Entre cette maison et l’église, l’Esplanade des combattants amène aujourd’hui vers le monument aux morts. Il s’agit d’une œuvre d’André Abbal à la mémoire des soldats « morts pour la France », surmonté d’une statue de Saül Cladel à la gloire de la France triomphante dont la figure allégorique soulève l’aigle allemand terrassé. Son installation en 1922 à cet endroit a entraîné le déplacement des statues de la Vierge à l’Enfant et du Christ à l’entrée de l’église (érigées en 1864 pour la première, en 1911 pour la seconde, à l’issue de missions, dans un contexte de tentative de reconquête catholique de l’espace et des âmes). Le sacré national et républicain investit désormais l’endroit en lieu et place du sacré catholique, tout comme le lieu du pouvoir civil municipal a investi la place principale à partir de 1862.

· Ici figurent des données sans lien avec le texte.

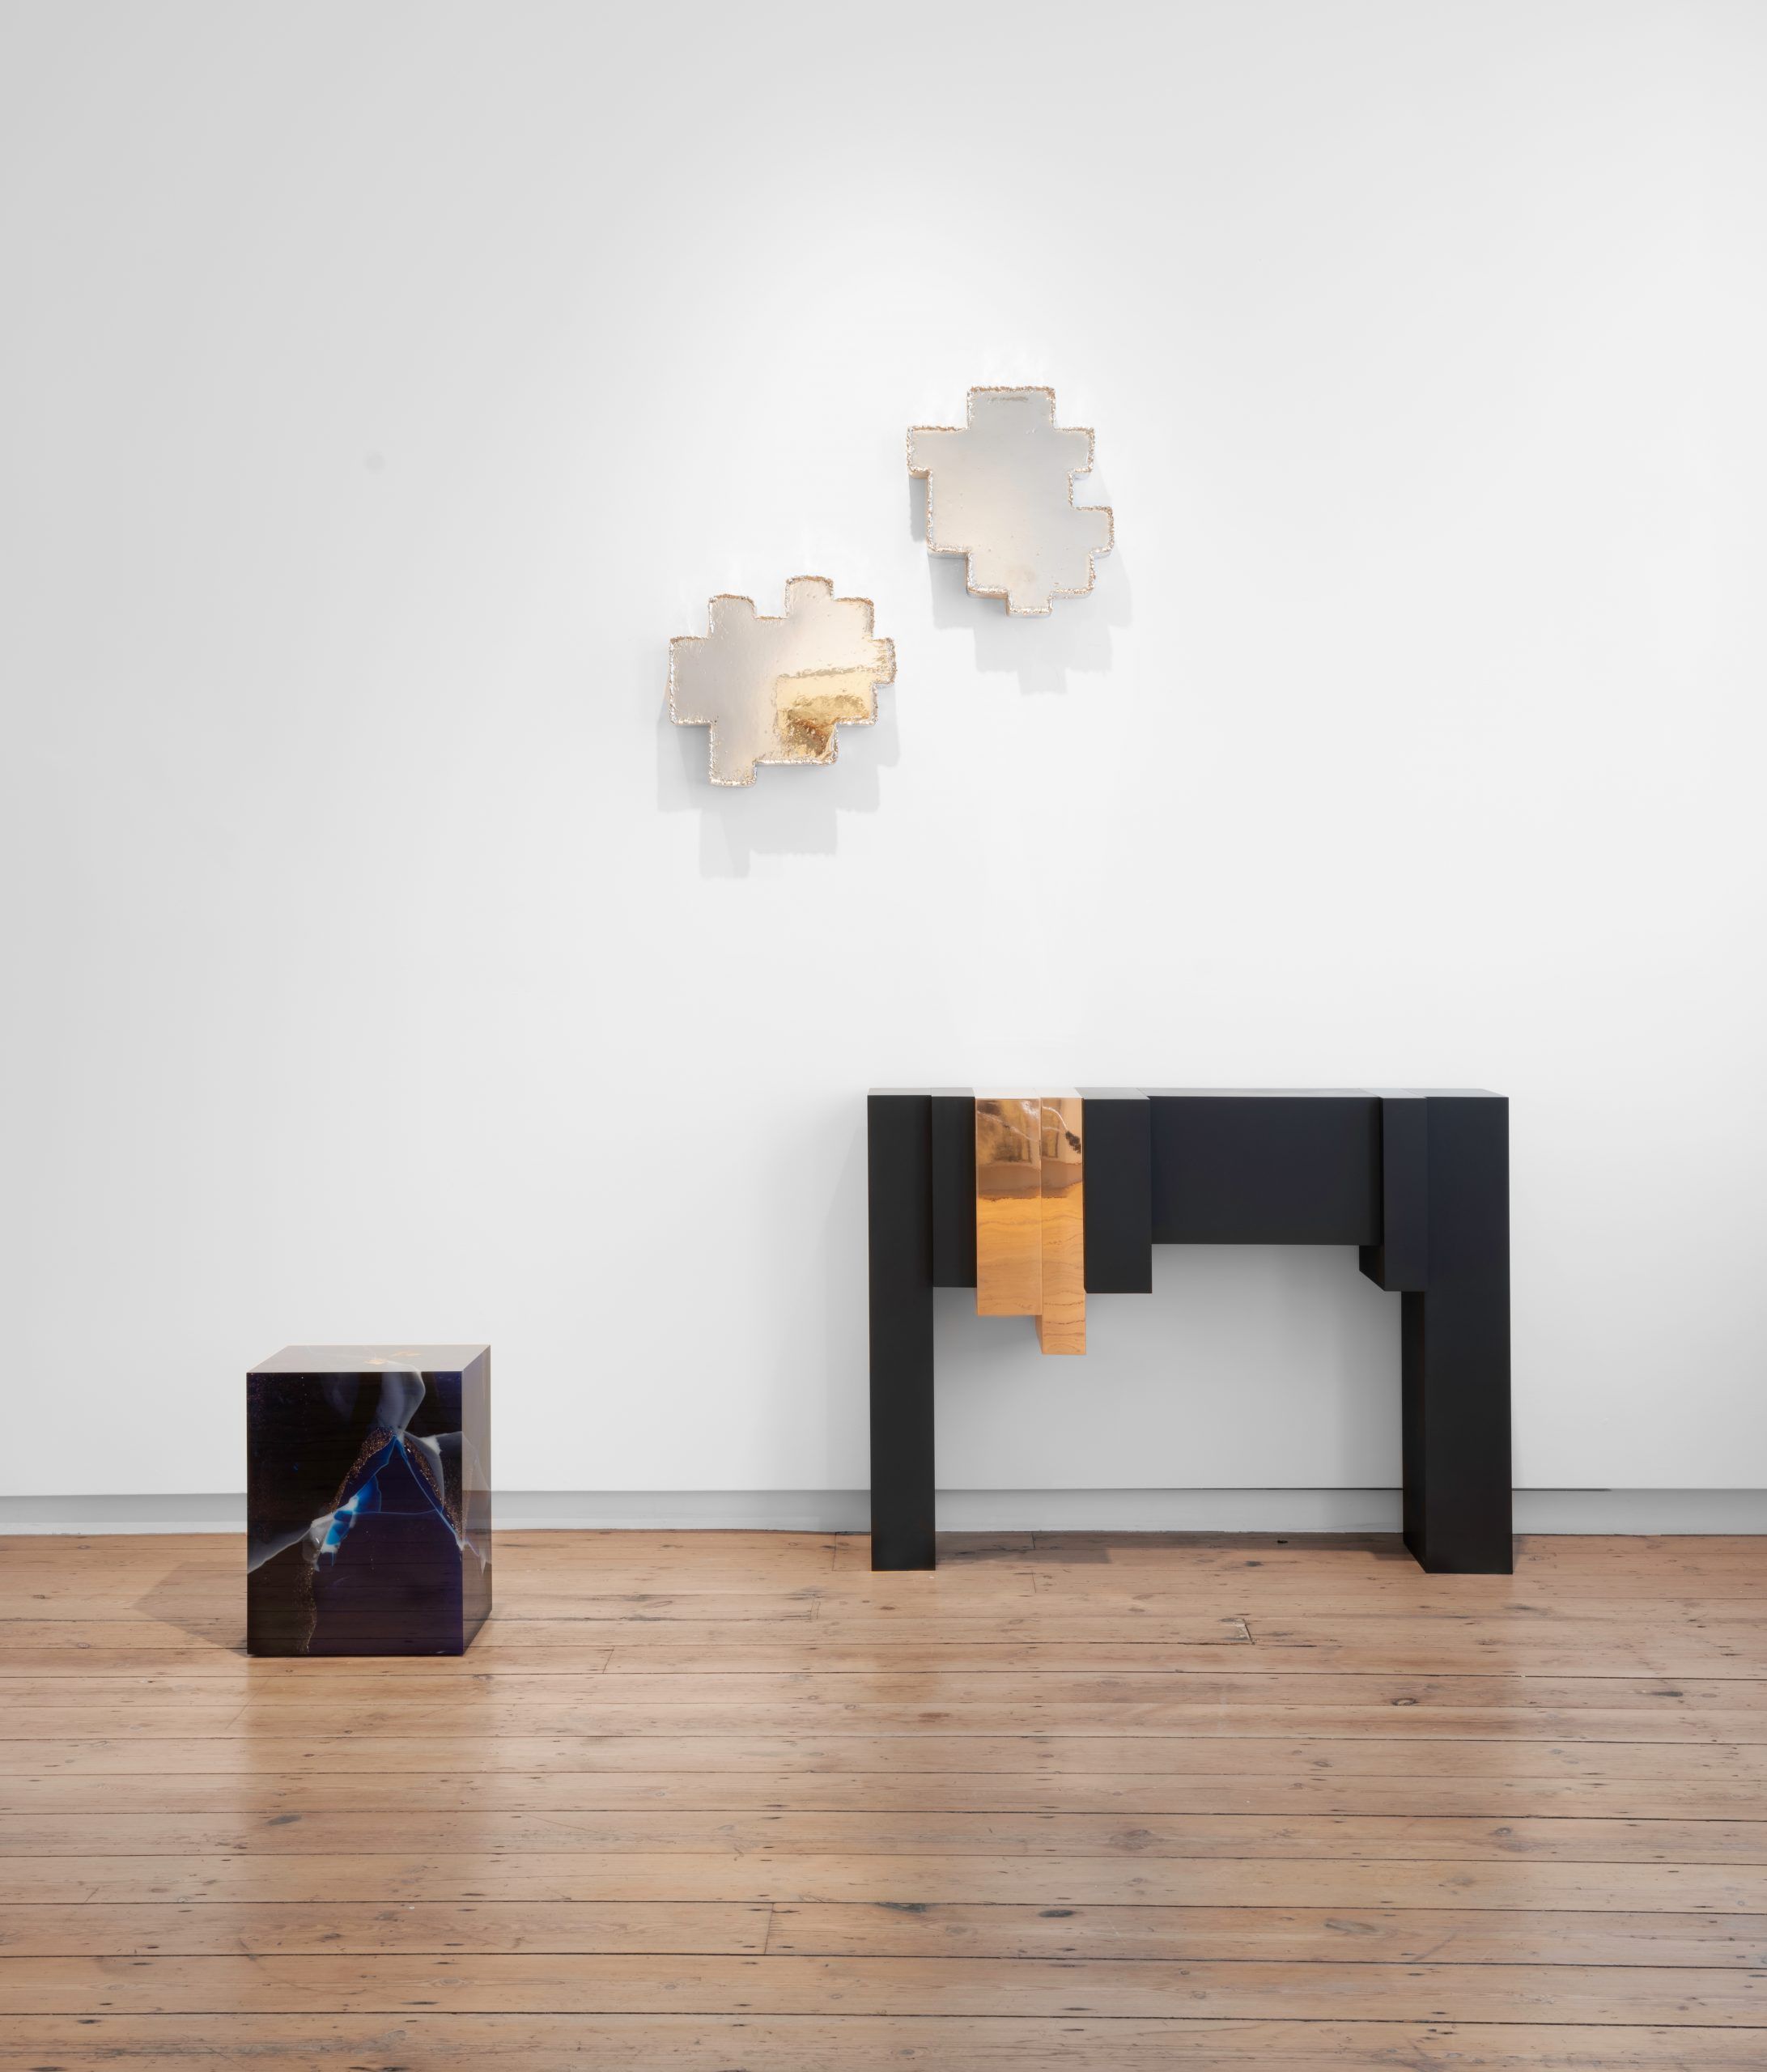 © Studio Nucleo Metal Fossil Niclel Mirrors with Bronze Age Consolle and Lapislazuli Stone Fossil courtesy ammann//projects

Ainsi, progressivement, l’ancienne « place découverte » de l’Ancien Régime est devenue le cœur de la vie sociale, publique, civique de Lafrançaise, flanquée de la mairie, de l’école publique, de la nouvelle entrée de l’église paroissiale et d’une esplanade menant aux « lieux sacrés ». Cette centralité suppose alors qu’elle reçoive un nom à la mesure de son importance : elle portera successivement, à partir du début du XIXe siècle, les noms de Place impériale, puis Place royale, Place de la Mairie, avant de prendre en 1910 son nom actuel de Place de la République.
Sur la place de la République se dressent également plusieurs maisons de caractère : à l’entrée de la rue Mary-Lafon se trouve la maison Inard puis Jordanet (maire de Lafrançaise de 1865 à 1885 et conseiller général) et face à elle, de l’autre côté de la place, la « maison Boscq » ; toutes deux datent de la fin du XVIIIe siècle.